> TASK: Copy exactly the lines of the data below, beginning with the line with "Alert Newborn Baby" and ending with the line with "J Brand Dellah stretch-ponte leggings". Pictures are to be omitted.

> EXTRACTED RECORDS:
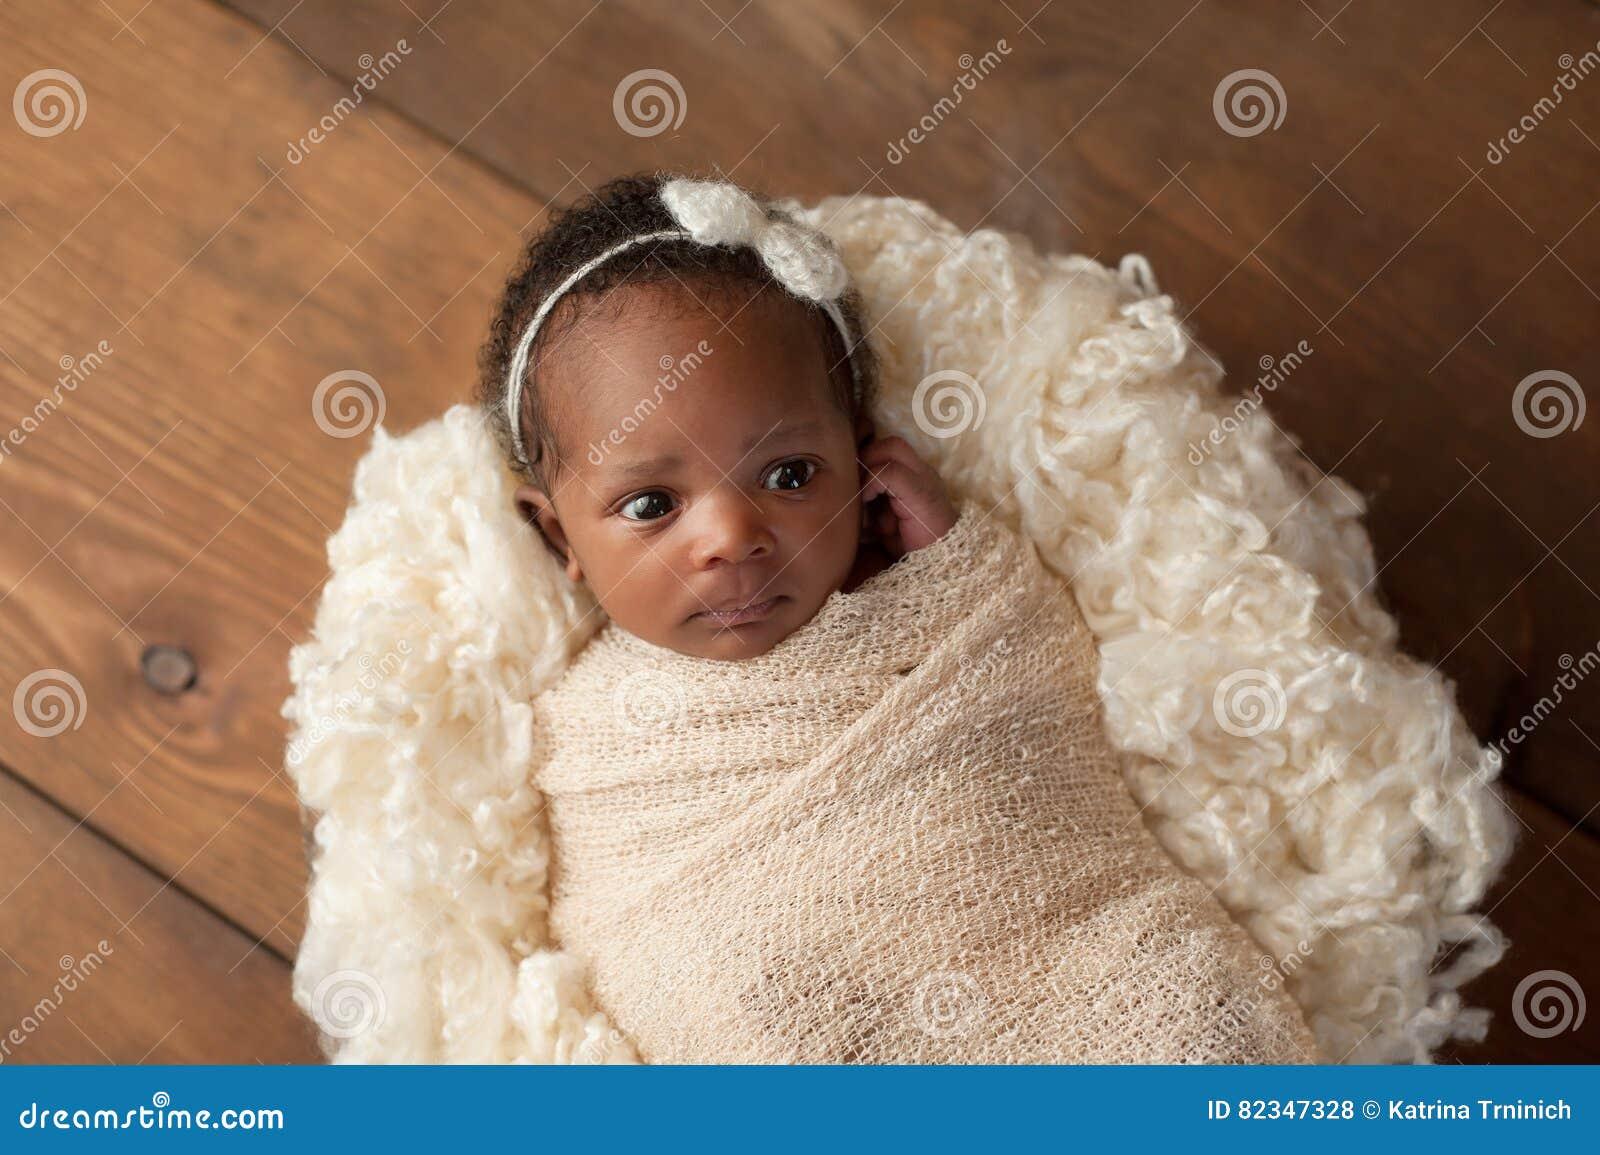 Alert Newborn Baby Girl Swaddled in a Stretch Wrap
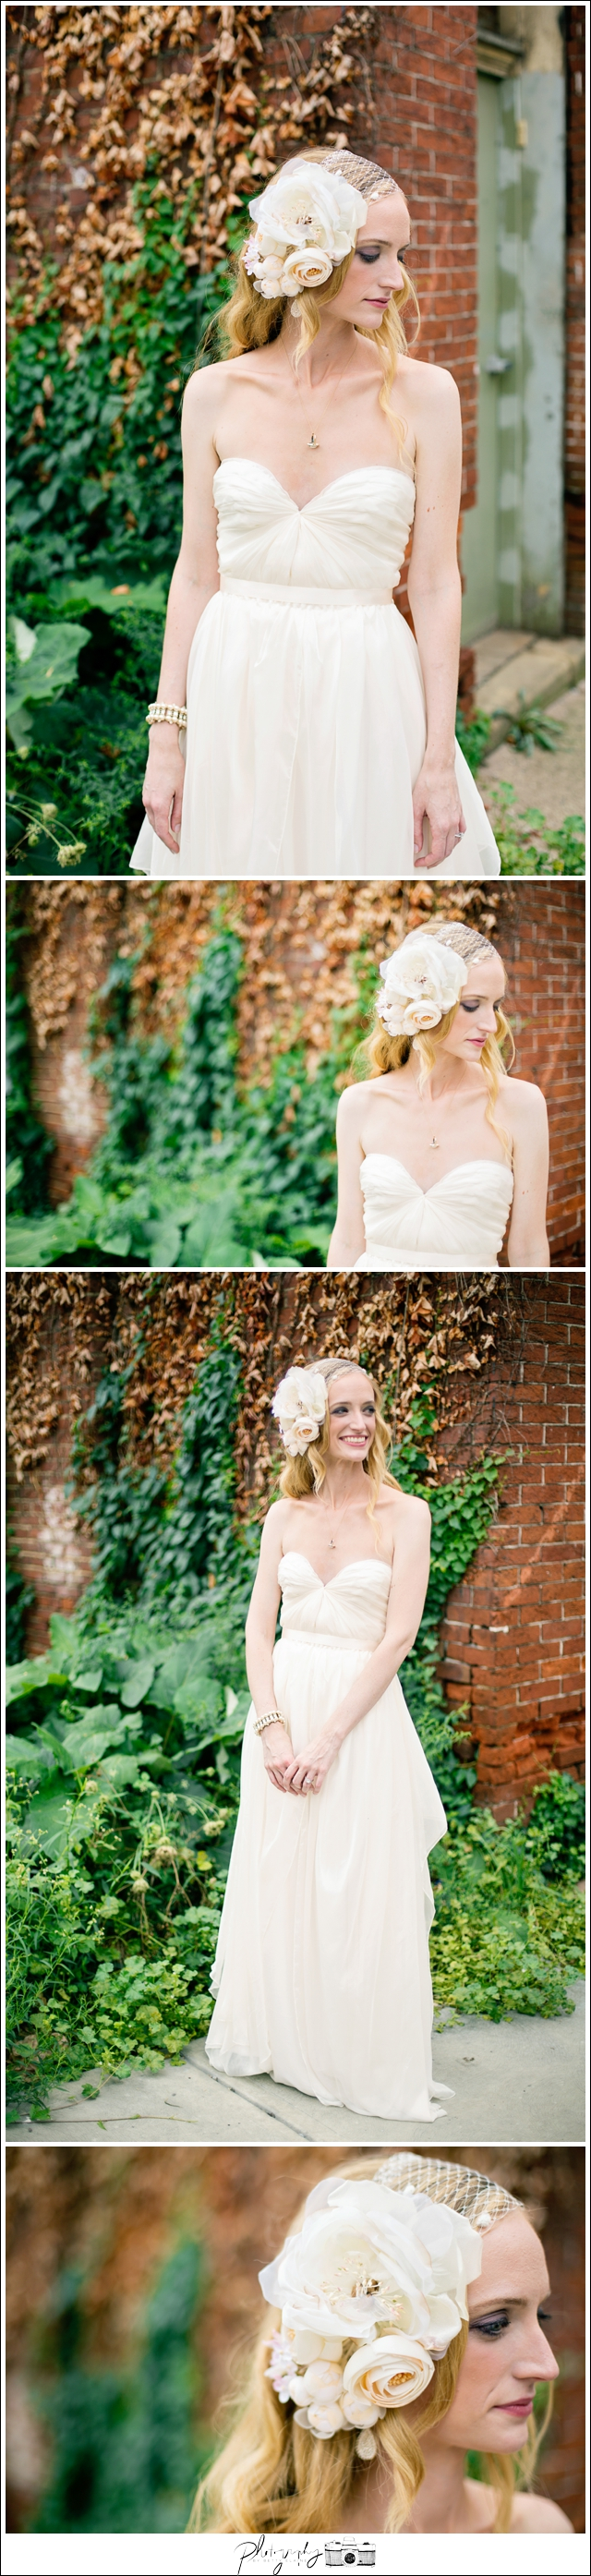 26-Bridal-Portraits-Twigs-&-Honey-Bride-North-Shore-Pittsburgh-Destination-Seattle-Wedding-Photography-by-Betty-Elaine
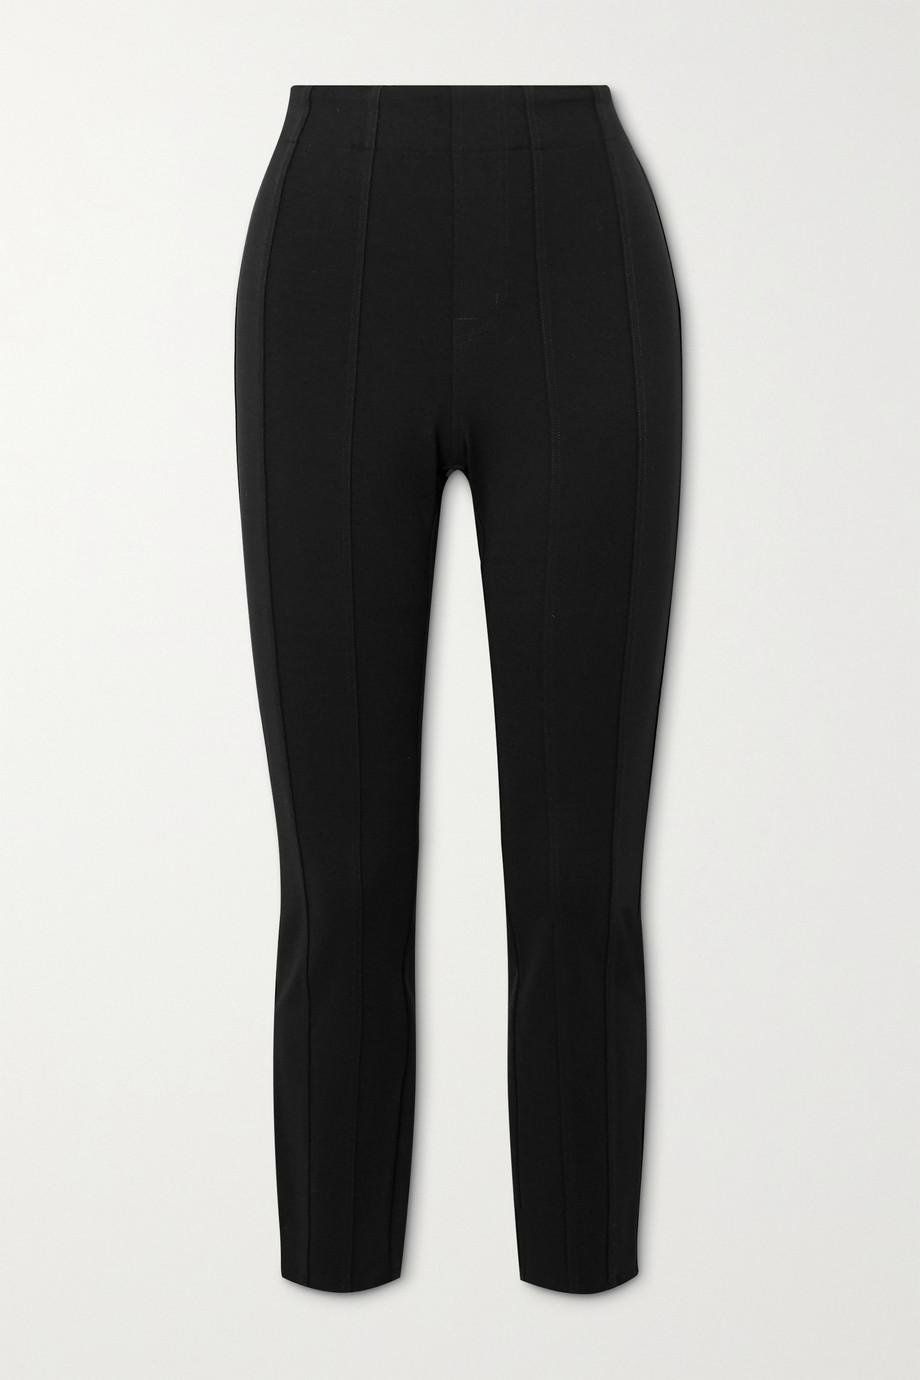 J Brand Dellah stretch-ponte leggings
--
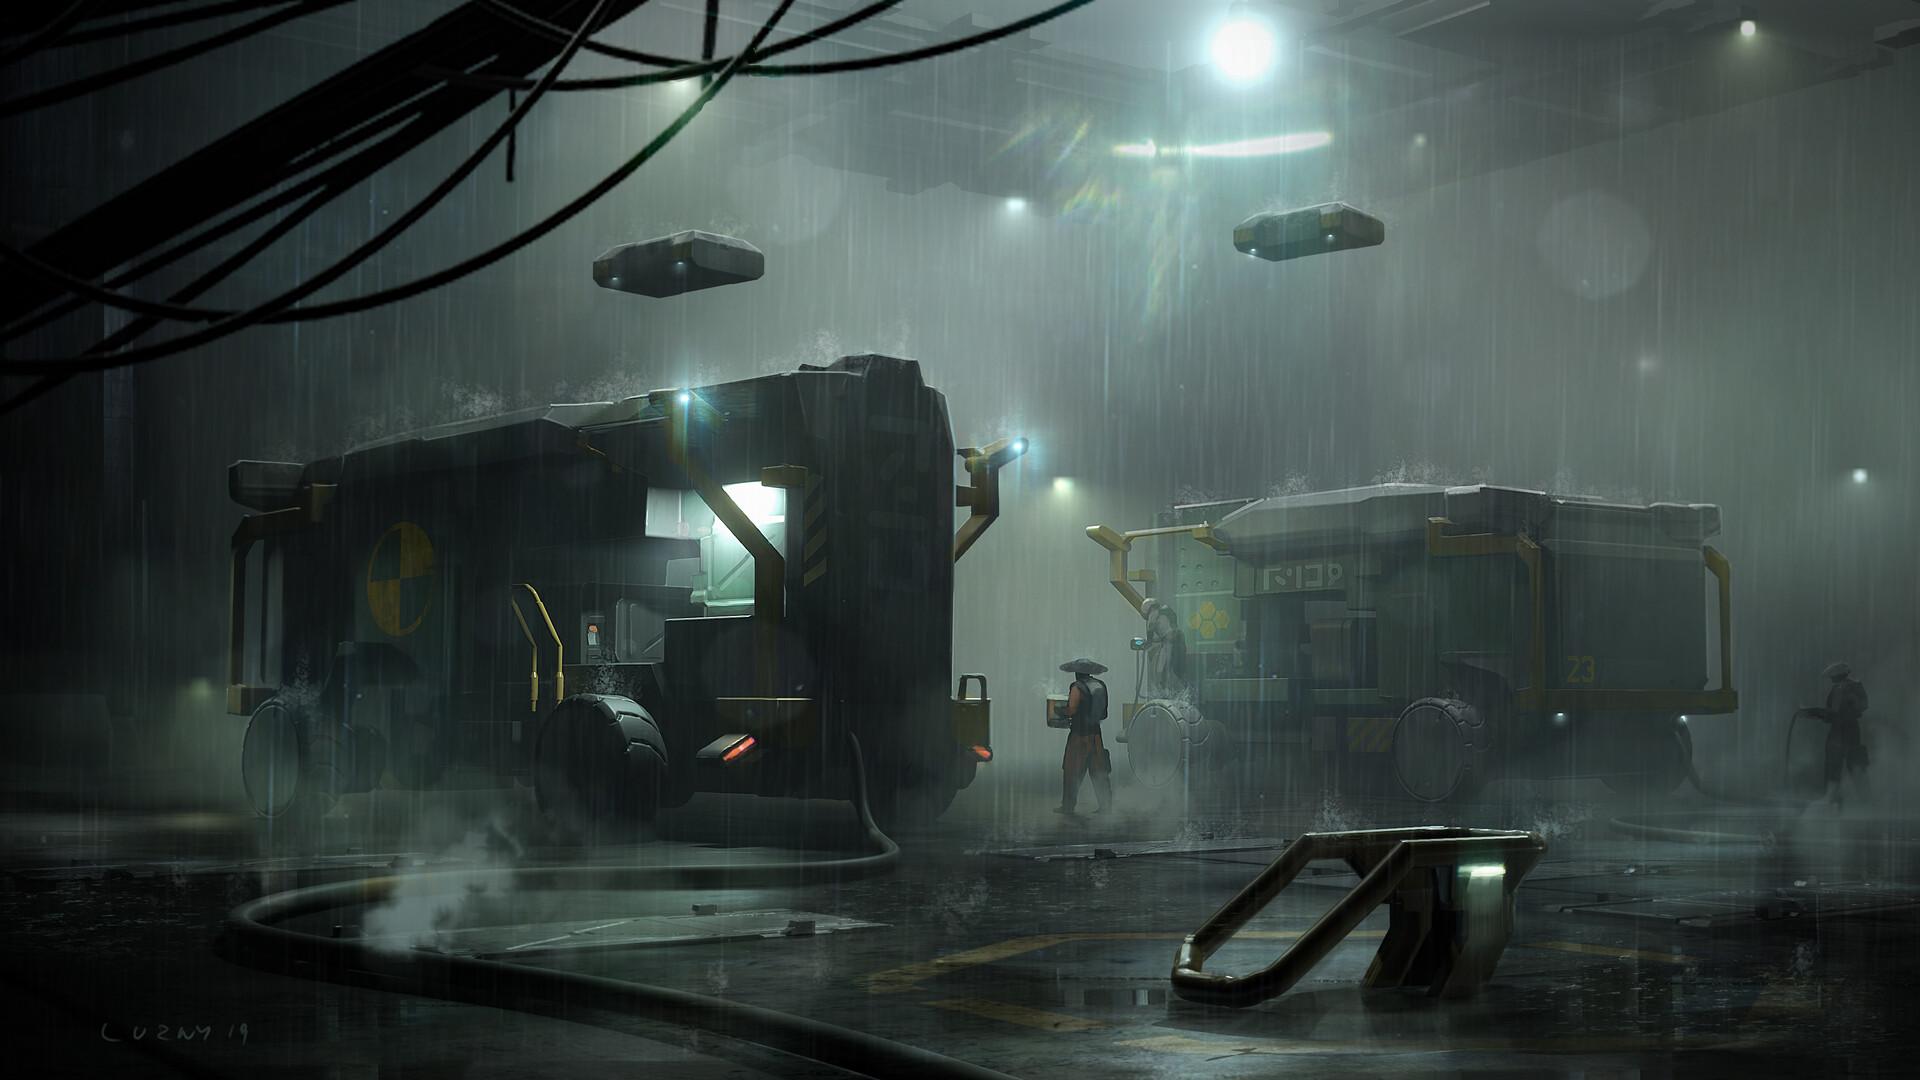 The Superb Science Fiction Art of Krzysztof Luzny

> EXPECTED OUTPUT:
 Alert Newborn Baby Girl Swaddled in a Stretch Wrap
 26-Bridal-Portraits-Twigs-&-Honey-Bride-North-Shore-Pittsburgh-Destination-Seattle-Wedding-Photography-by-Betty-Elaine
 J Brand Dellah stretch-ponte leggings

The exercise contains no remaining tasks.